Data for analysis:
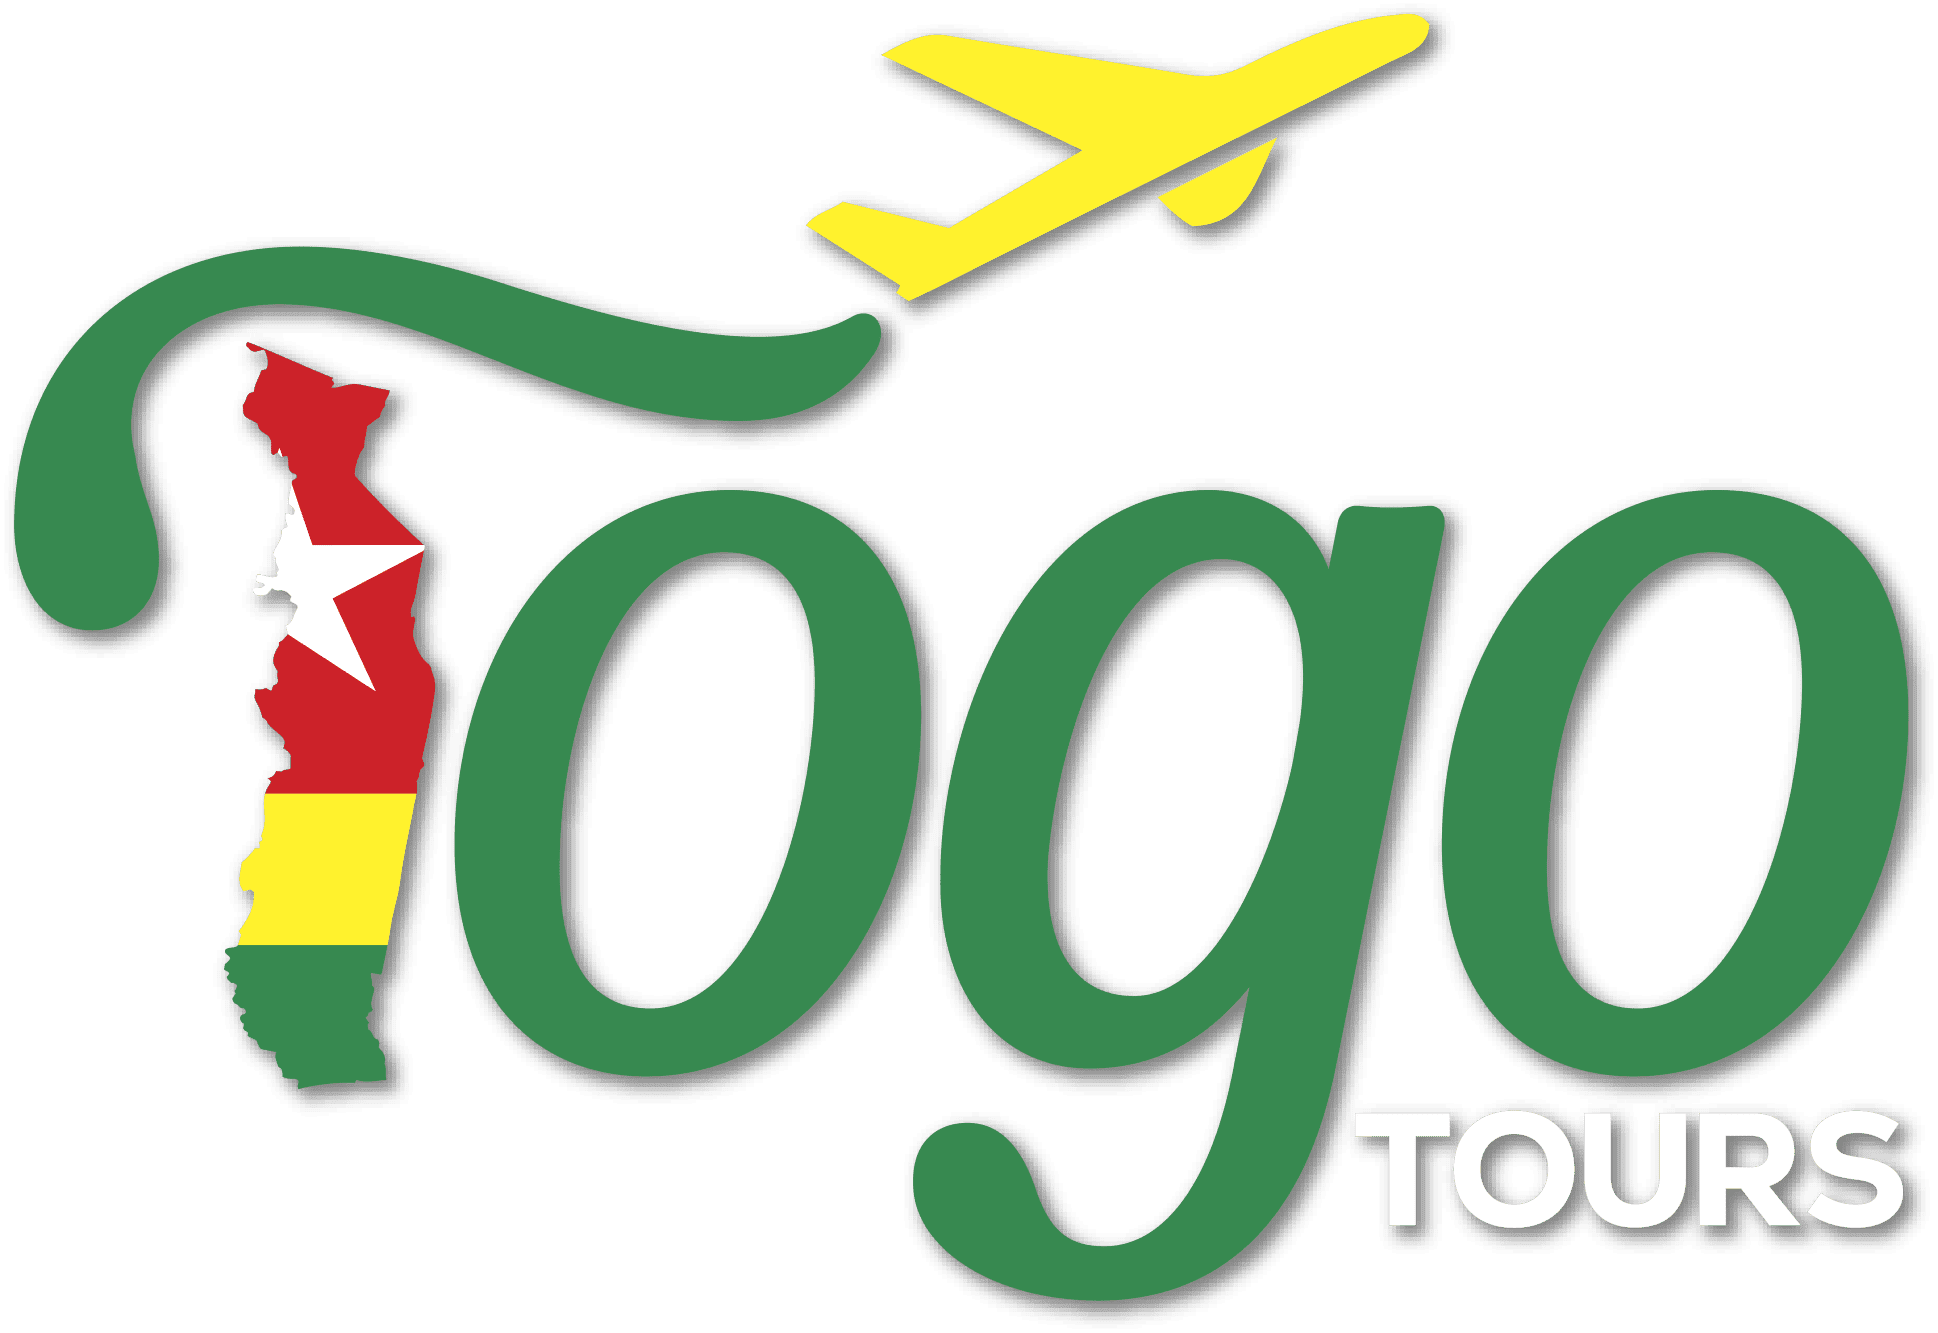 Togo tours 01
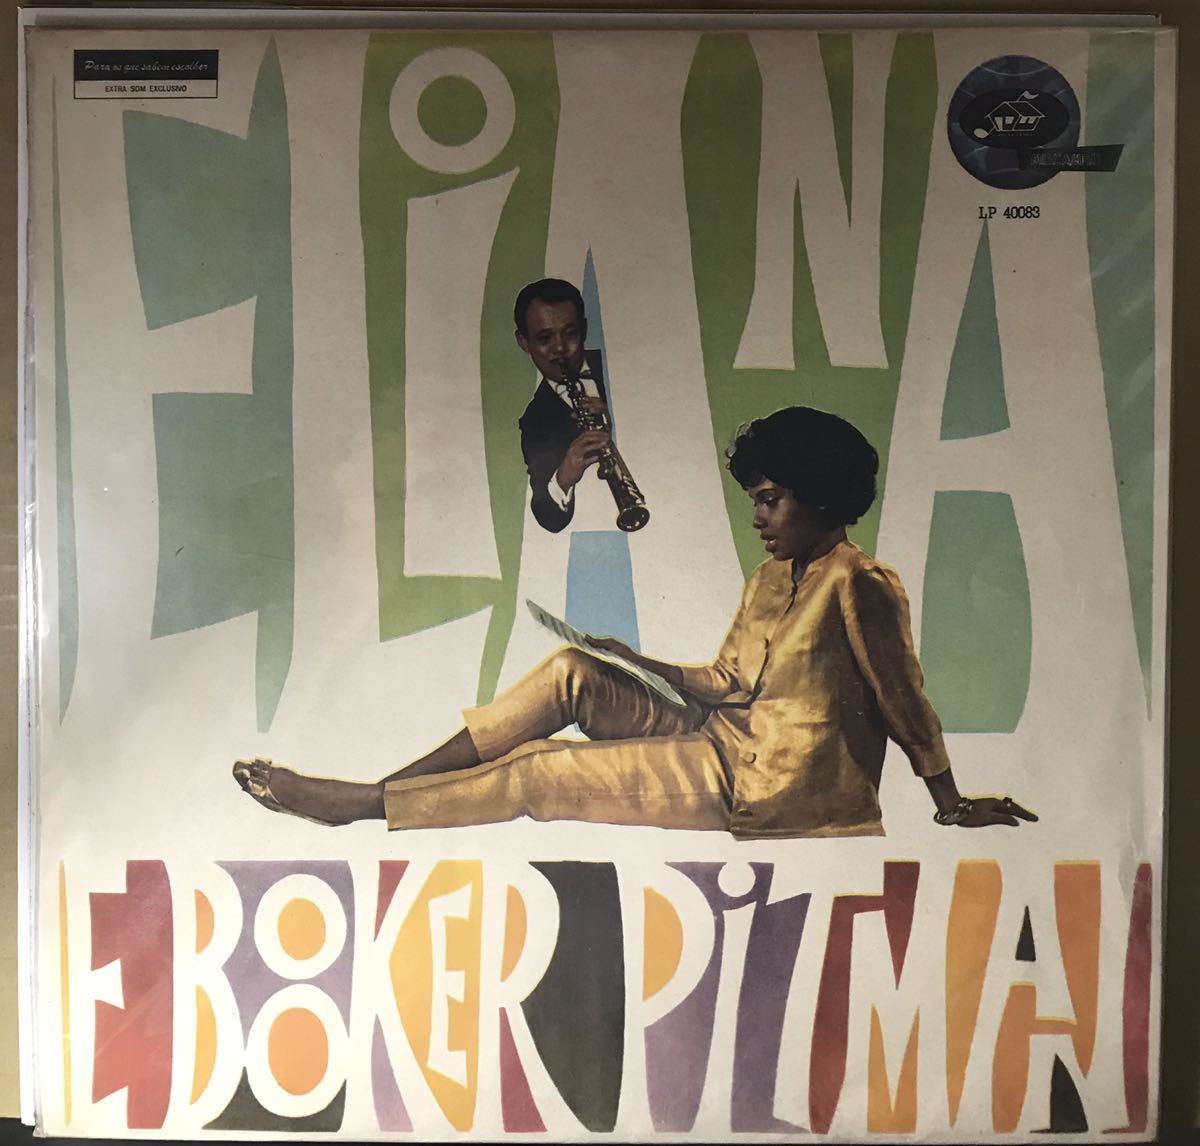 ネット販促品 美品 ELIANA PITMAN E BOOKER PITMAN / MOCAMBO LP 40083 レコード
...
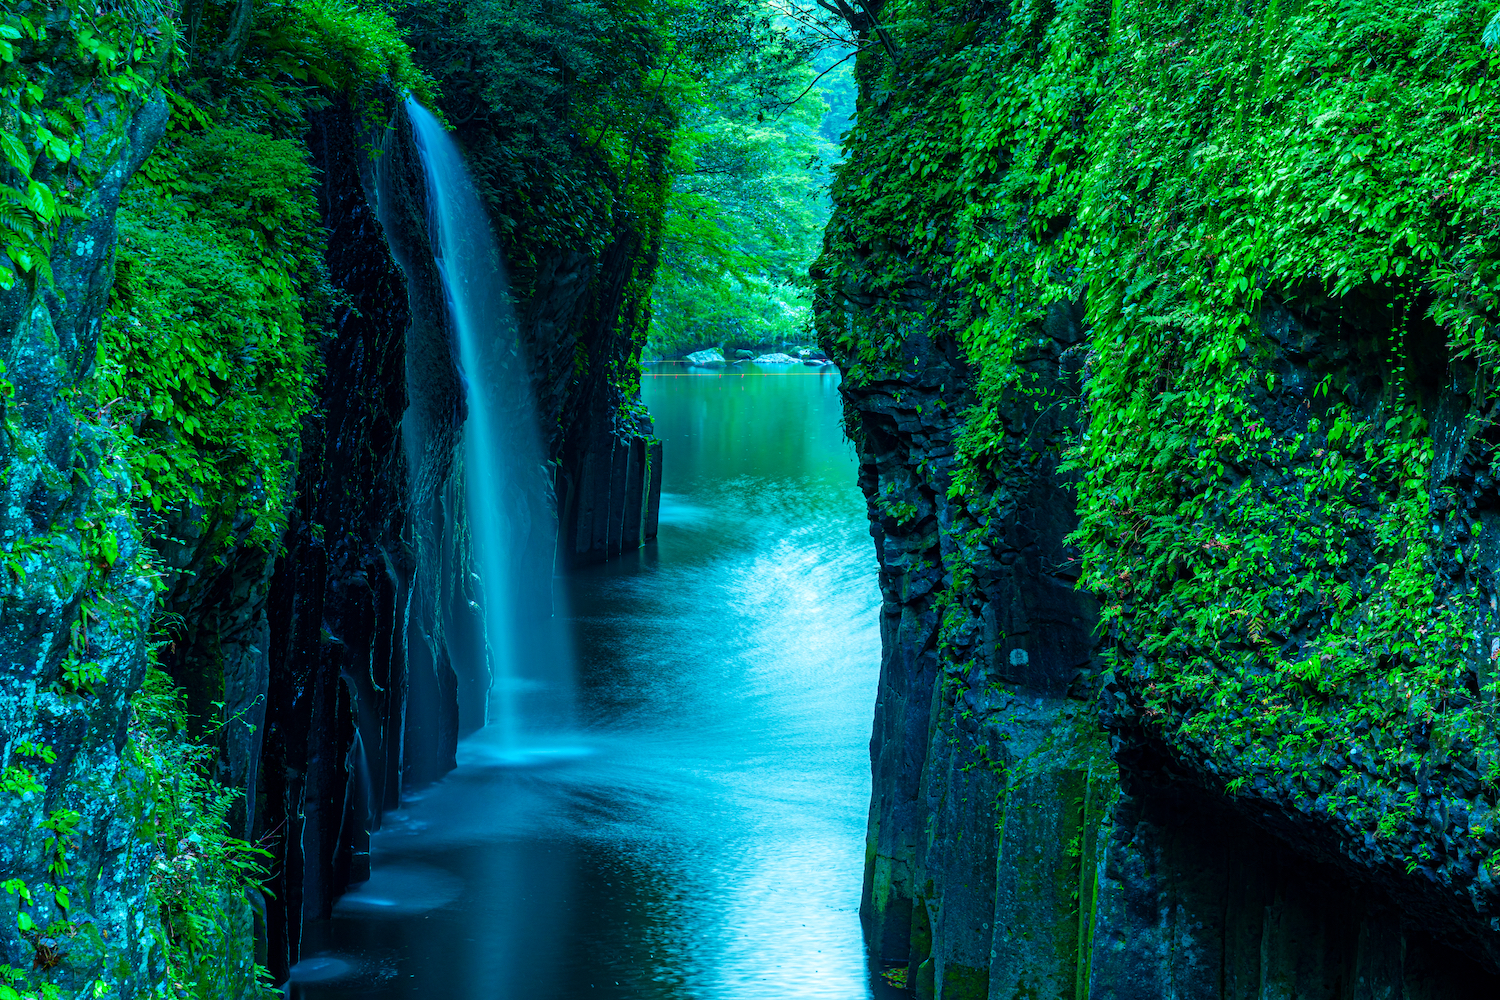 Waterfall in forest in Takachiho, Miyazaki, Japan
...
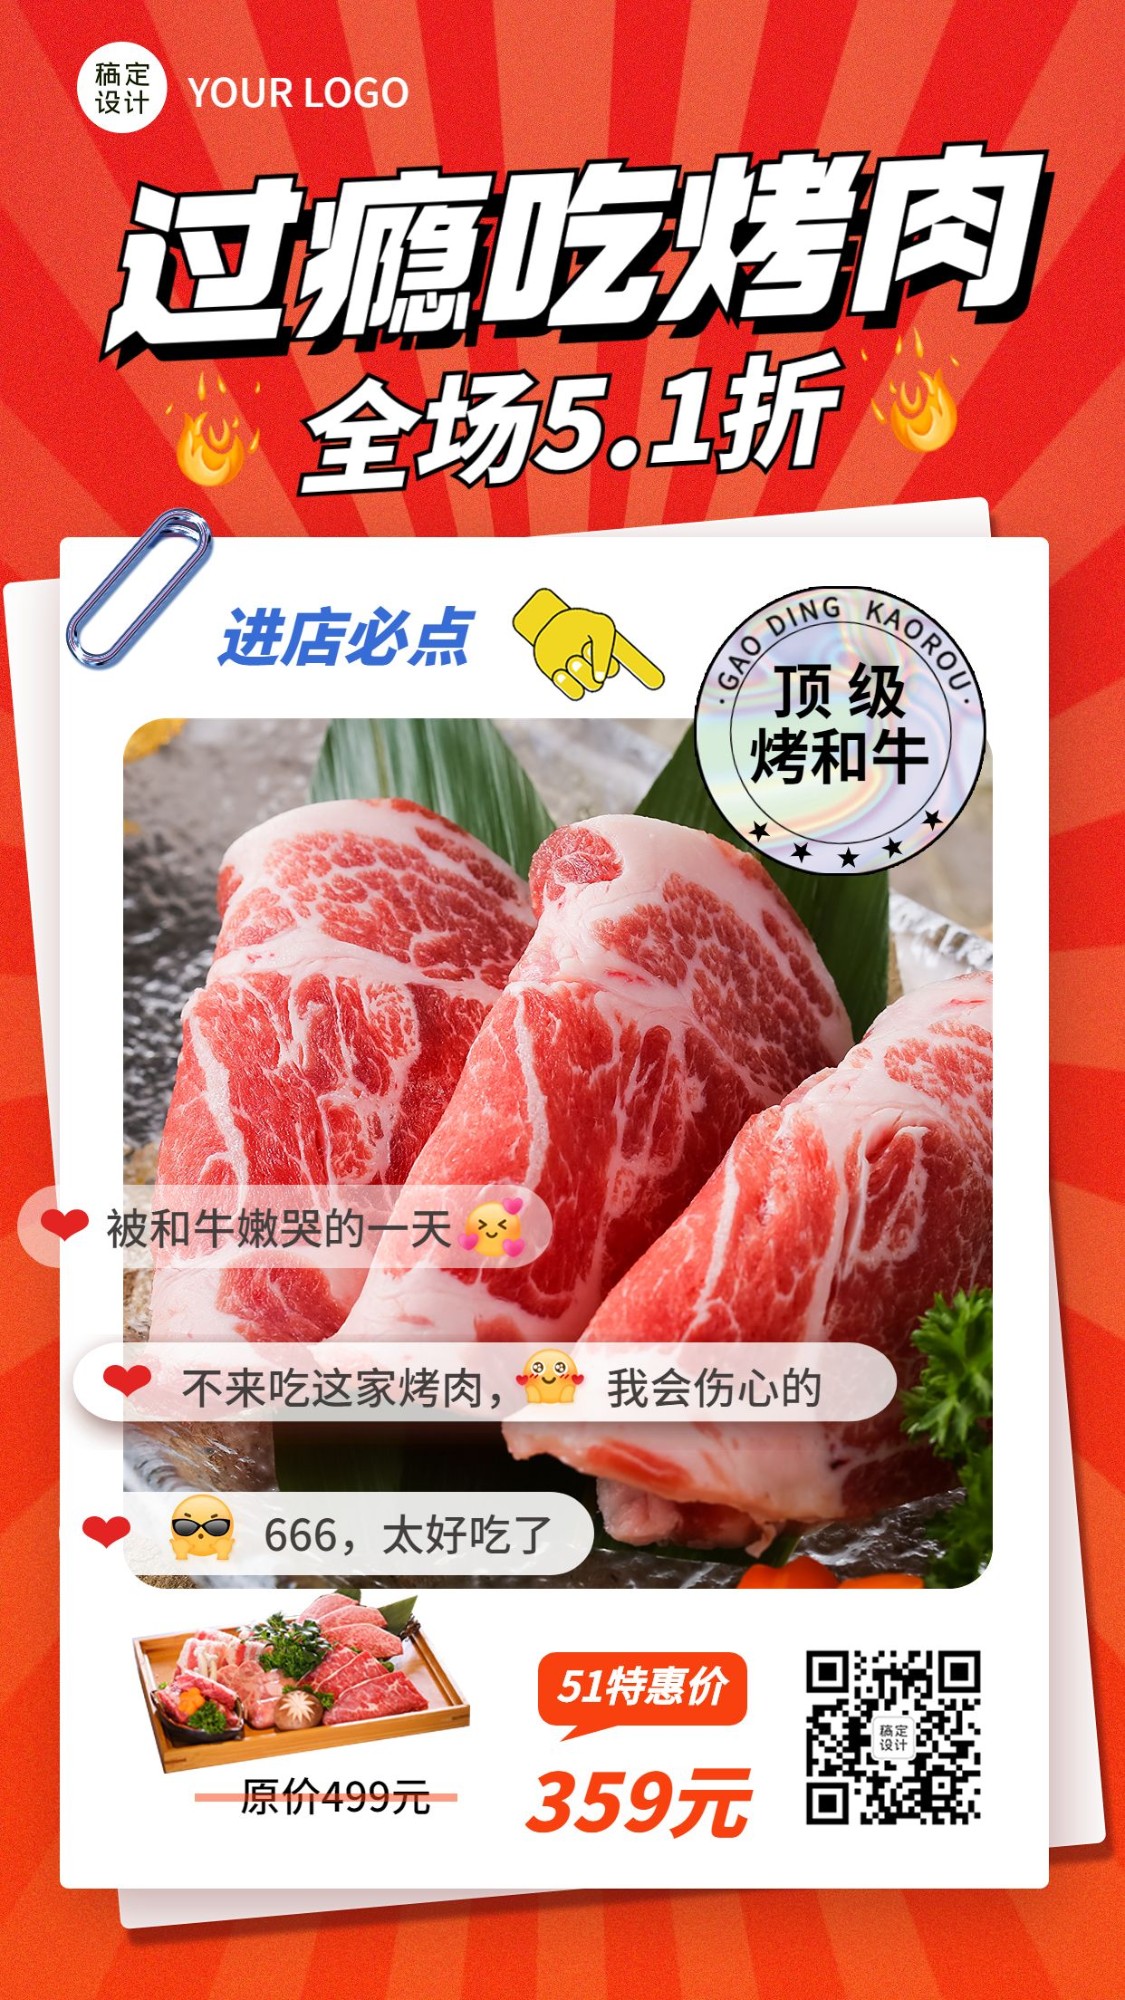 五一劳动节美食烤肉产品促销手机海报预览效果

To do:
Only one stretch of the listing above is to be duplicated: the lines from the one containing "Togo tours 01" through the one containing "ネット販促品 美品 ELIANA", both included. Copy them exactly, minus the pictures.

Exercise answer:
 Togo tours 01
 ネット販促品 美品 ELIANA PITMAN E BOOKER PITMAN / MOCAMBO LP 40083 レコード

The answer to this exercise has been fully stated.